На нем были только ботинки и брюки с подтяжками, а грудь была обнажена. Он воздел обе руки к небу, словно потерпевший кораблекрушение, и закричал:
— Я спасен!
Все сразу погрустнели и упали духом. Теперь начинается бред, говорил себе каждый. Однако юноша, который отнюдь не терял рассудка, спустился по лестнице и объяснил:
— Я изверг конголезского жука! Когда я застегивал брюки, то почувствовал, как внутри что-то сжалось и жук пробкой выскочил наружу. Чудище меня покинуло! Я спасен!

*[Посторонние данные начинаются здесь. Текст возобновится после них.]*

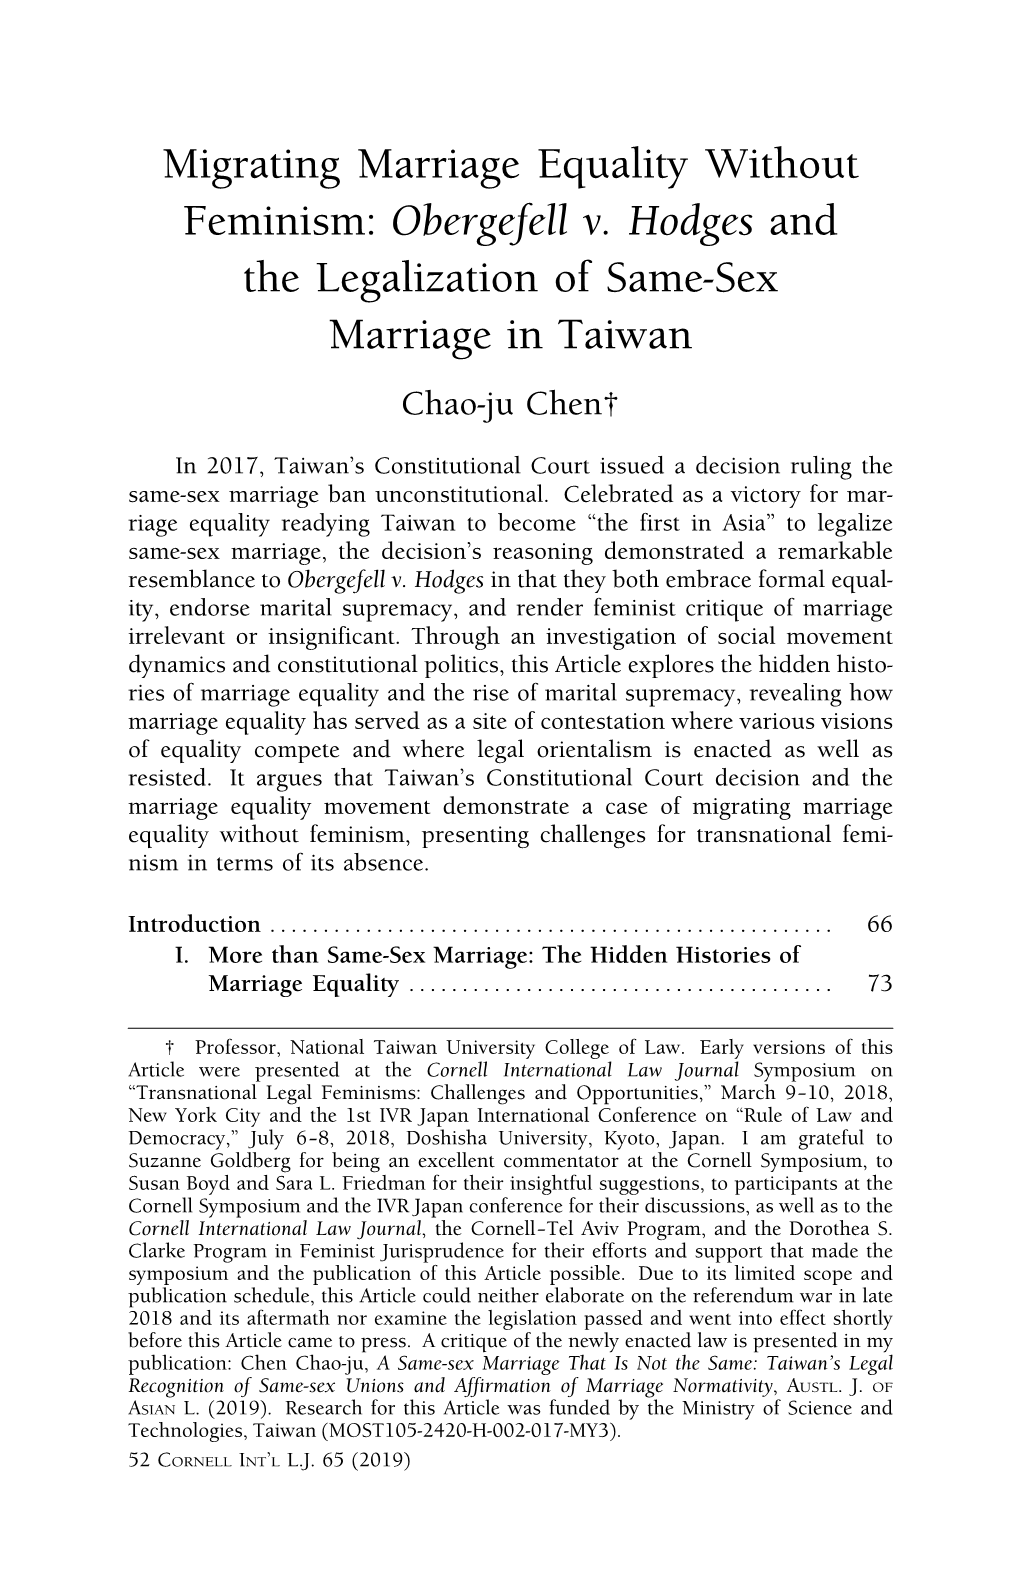 Obergefell V. Hodges and the Legalization of Same-Sex Marriage in Taiwan Chao-Ju Chen†
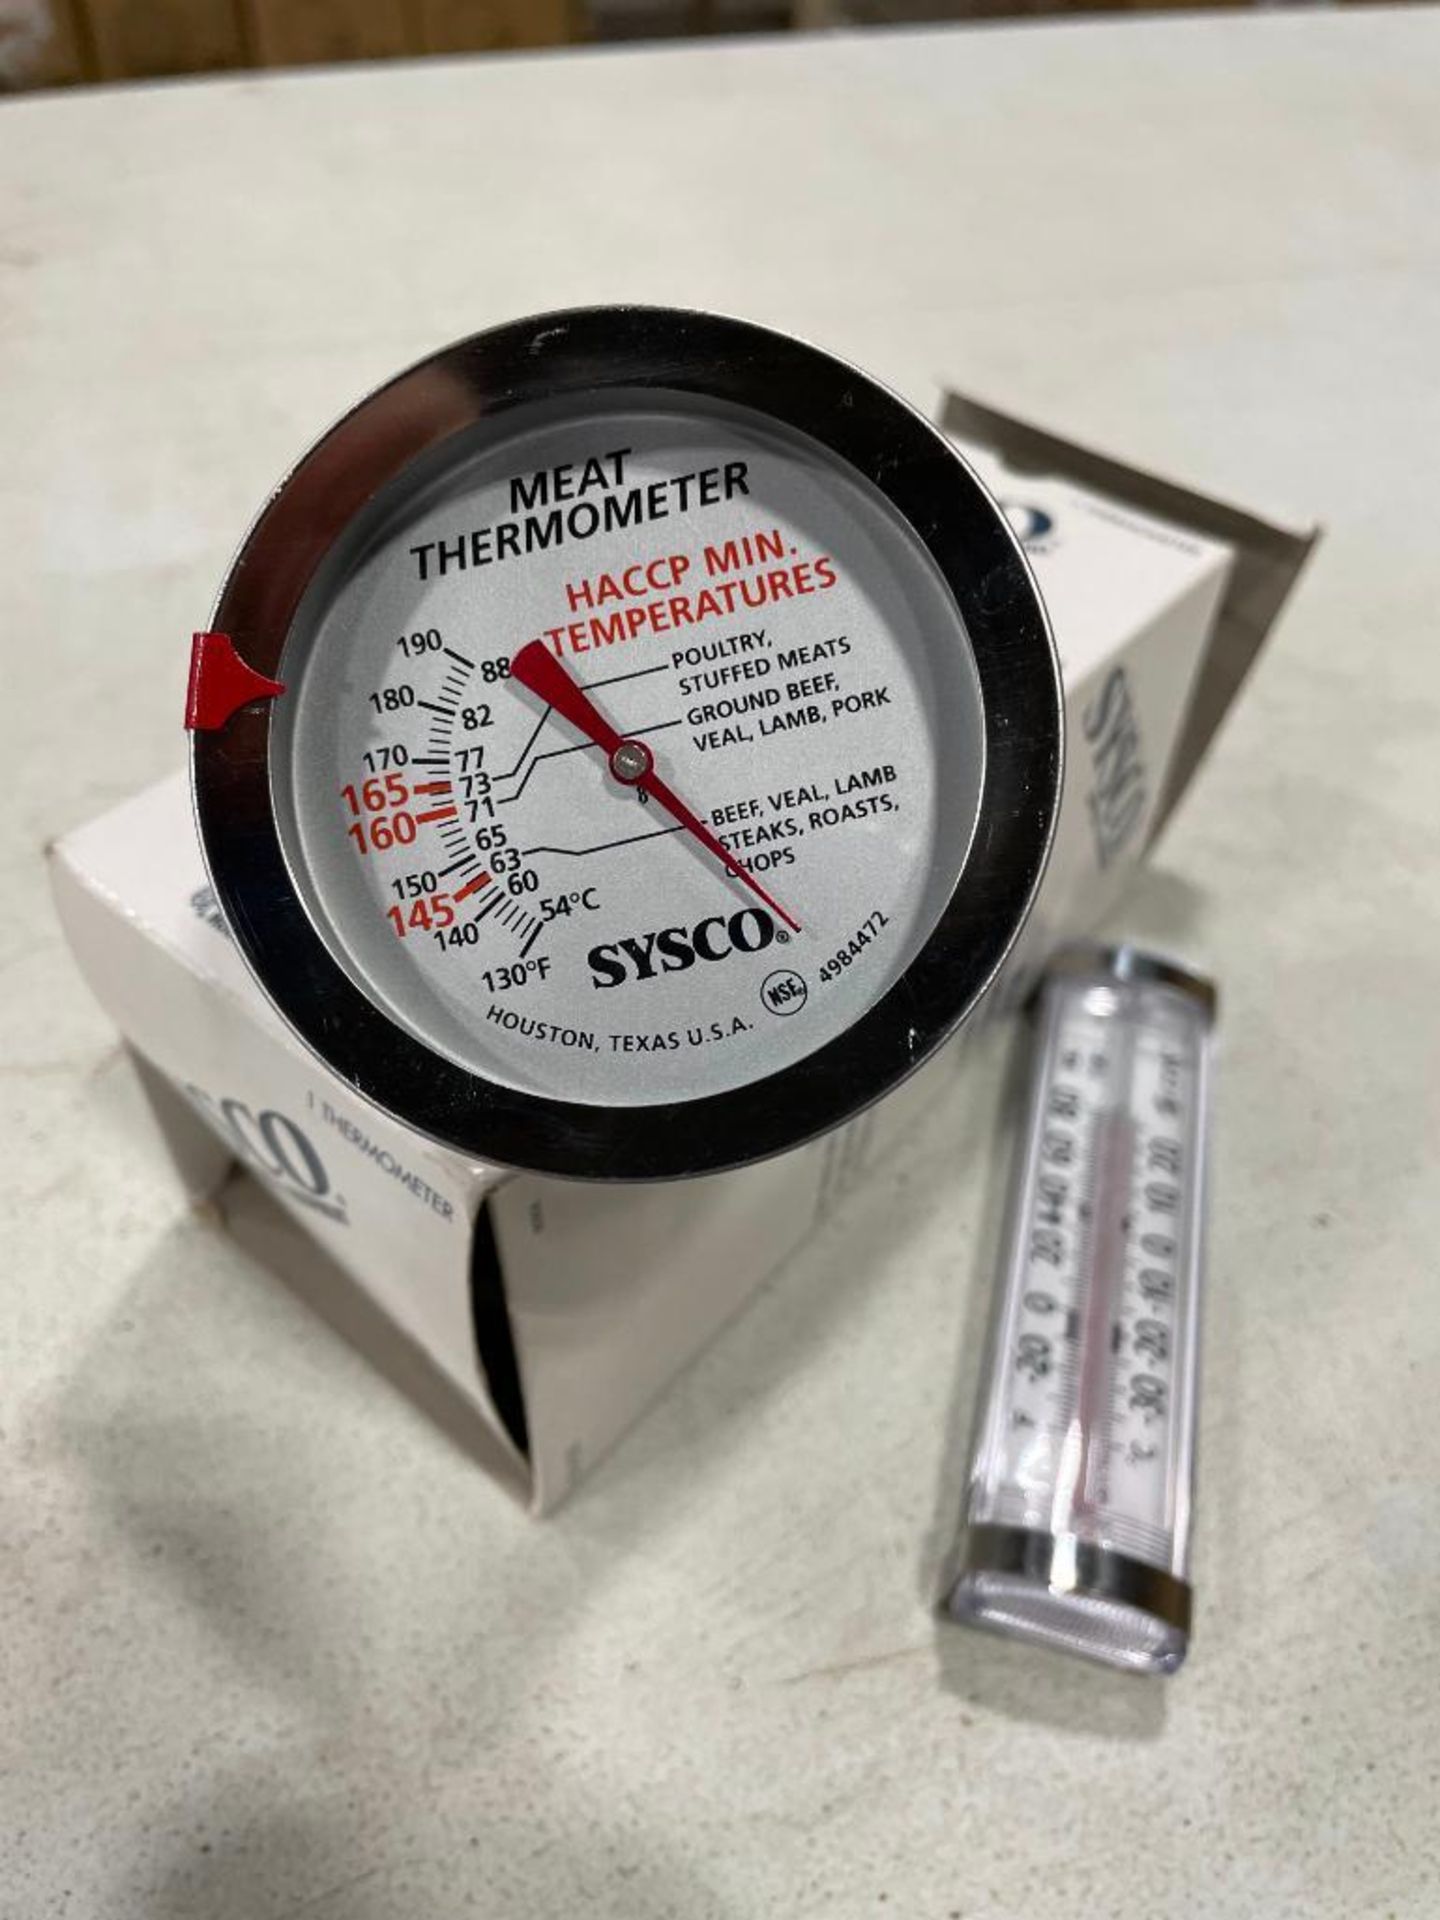 SYSCO MEAT THERMOMETER & COOLER THERMOMETER - Image 2 of 2

Настроение присутствующих резко изменилось, началось всеобщее ликование. Юношу встретили как героя. И тут неожиданно шлюхи и публиканы, лазари и фарисеи сошлись в едином сердечном порыве, словно ожила одна из библейских притч. После этой воистину евангельской сцены собравшиеся предоставили слово исцеленному от смертельного недуга.
— Мы так славно его соску прочистили, что чудище не выдержало!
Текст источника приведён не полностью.